A ciò va aggiunto un secondo aspetto, invero non nuovo: sempre grazie agli accordi preelettorali hanno avuto ingresso in Parlamento forze politiche che non solo non hanno superato lo sbarramento del 3% (come +Europa) ma addirittura non hanno apportato alcun contributo elettorale alla coalizione di cui facevano parte, restando al di sotto dell’1% (come Noi Moderati). Ebbene, queste forze politiche sono ugualmente presenti in Parlamento grazie al fatto che i loro leader sono stati eletti nei collegi uninominali con il sostegno delle coalizioni che avevano deciso di appoggiare. In tal modo, ancora una volta, si è “proporzionalizzato il maggioritario”, sfruttando i collegi uninominali blindati per dare rappresentanza a forze politiche non in grado di superare la soglia di sbarramento, contro il loro impegno di sostenere la coalizione. Il che dimostra ancora una volta come, in assenza di una tradizione politica come quella anglosassone, la logica maggioritaria viene vissuta dalle forze politiche come una camicia di forza da distorcere in funzione dei propri interessi elettorali.

Infine, c’è un terzo elemento che conferma il disallineamento tra dato elettorale e rappresentanza parlamentare. Proprio a causa dell’insuccesso elettorale, Noi Moderati non raggiungeva il numero di sei senatori occorrente per costituire un gruppo parlamentare autonomo al Senato. Eppure, si è costituito lo stesso in gruppo grazie alla decisiva adesione di tre senatori eletti per Fratelli d’Italia (Petrella, Salvitti e Guidi). È il cosiddetto “prestito dei parlamentari”. Una pratica non nuova, certo politicamente giustificata dall’esigenza non solo di avere risorse ma anche di poter essere presenti nelle commissioni (per bilanciare i gruppi Per le Autonomie e misto, composti in maggioranza da esponenti del centrosinistra), nelle quali il vantaggio della maggioranza sull’opposizione rischia di essere esiguo, tanto più dopo la nomina a ministri di ben nove senatori che in ragione del loro incarico non sempre potranno essere presenti.

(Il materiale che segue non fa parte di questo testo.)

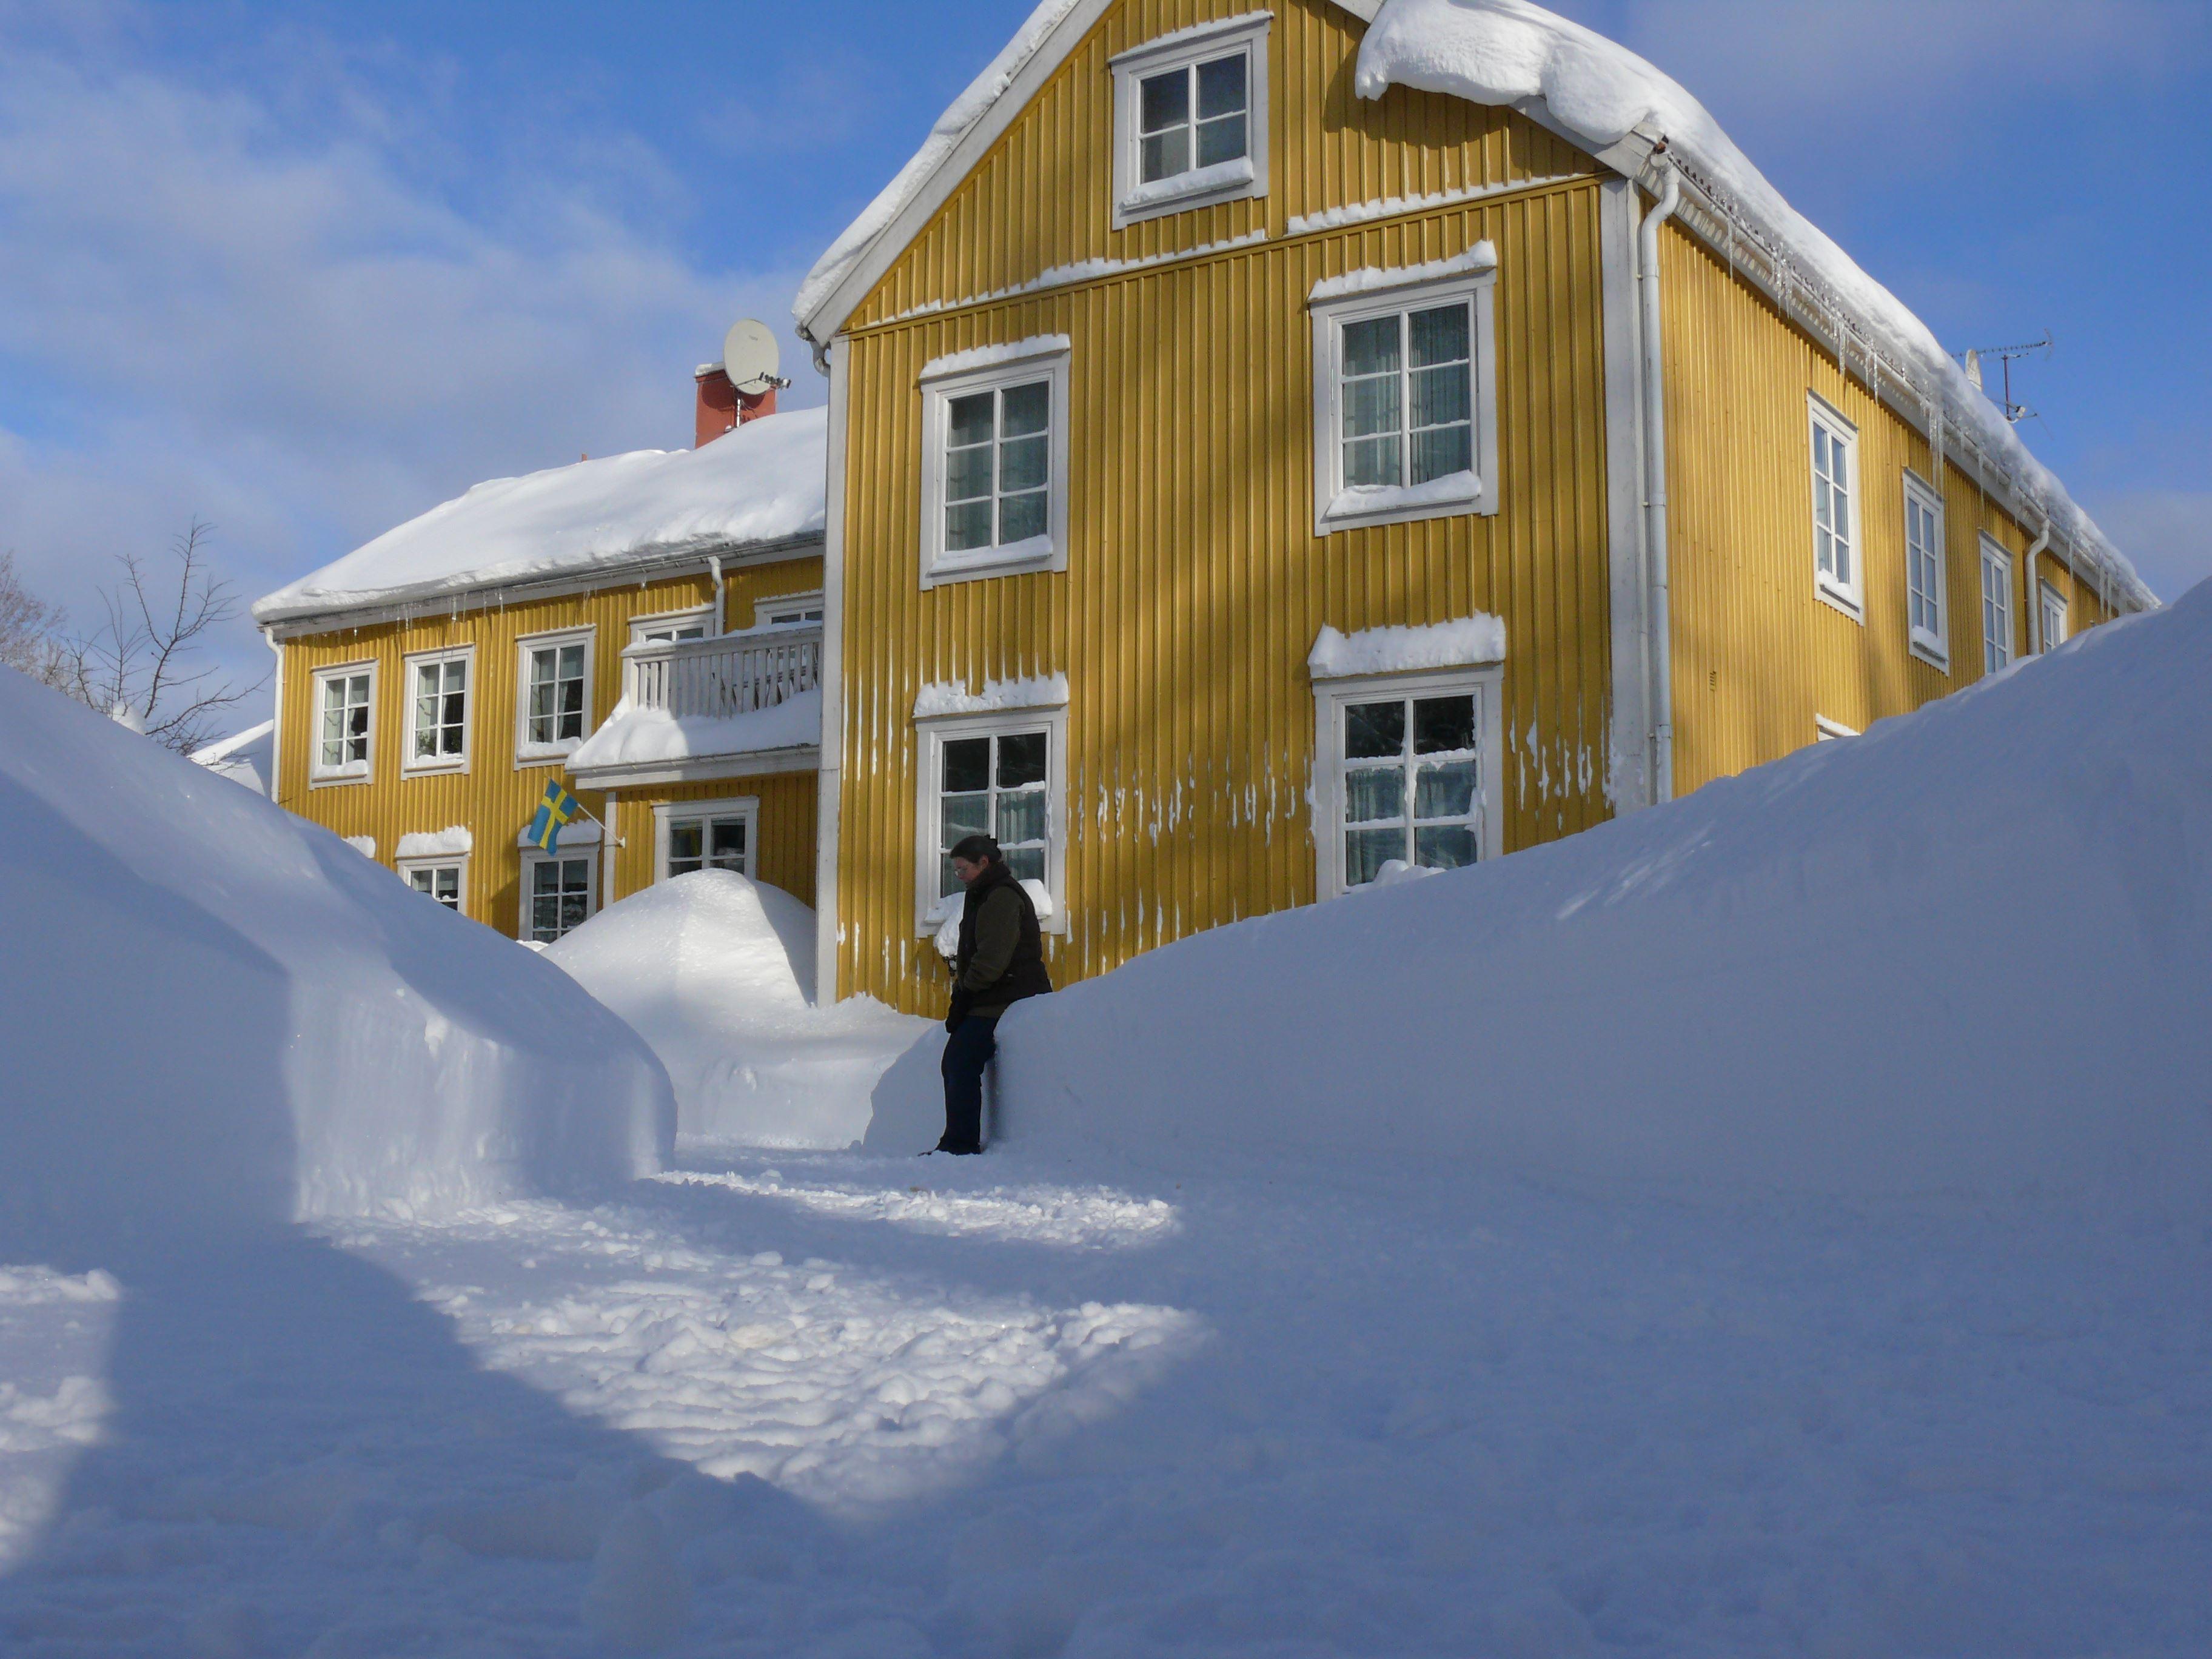 Hotell PerOlofGården

Quella del prestito dei parlamentari è però essenzialmente una pratica non commendevole perché costituisce un’ulteriore alterazione del dato elettorale, permette di fatto ad un gruppo (Fratelli d’Italia) di controllarne un altro (pena il suo scioglimento), e potrebbe essere funzionale a future migrazioni parlamentari nell’area centrista, considerando come il tempo indebolisca inesorabilmente soprattutto Forza Italia. Insomma, siamo dinanzi ad uno scenario politico oggi apparentemente solido ma in cui si intravvede qualche disallineamento tra dato elettorale e consistenza parlamentare e che, nella piena tradizione italica, potrebbe presto o tardi dimostrare che anche quello Meloni non sarà un governo di legislatura.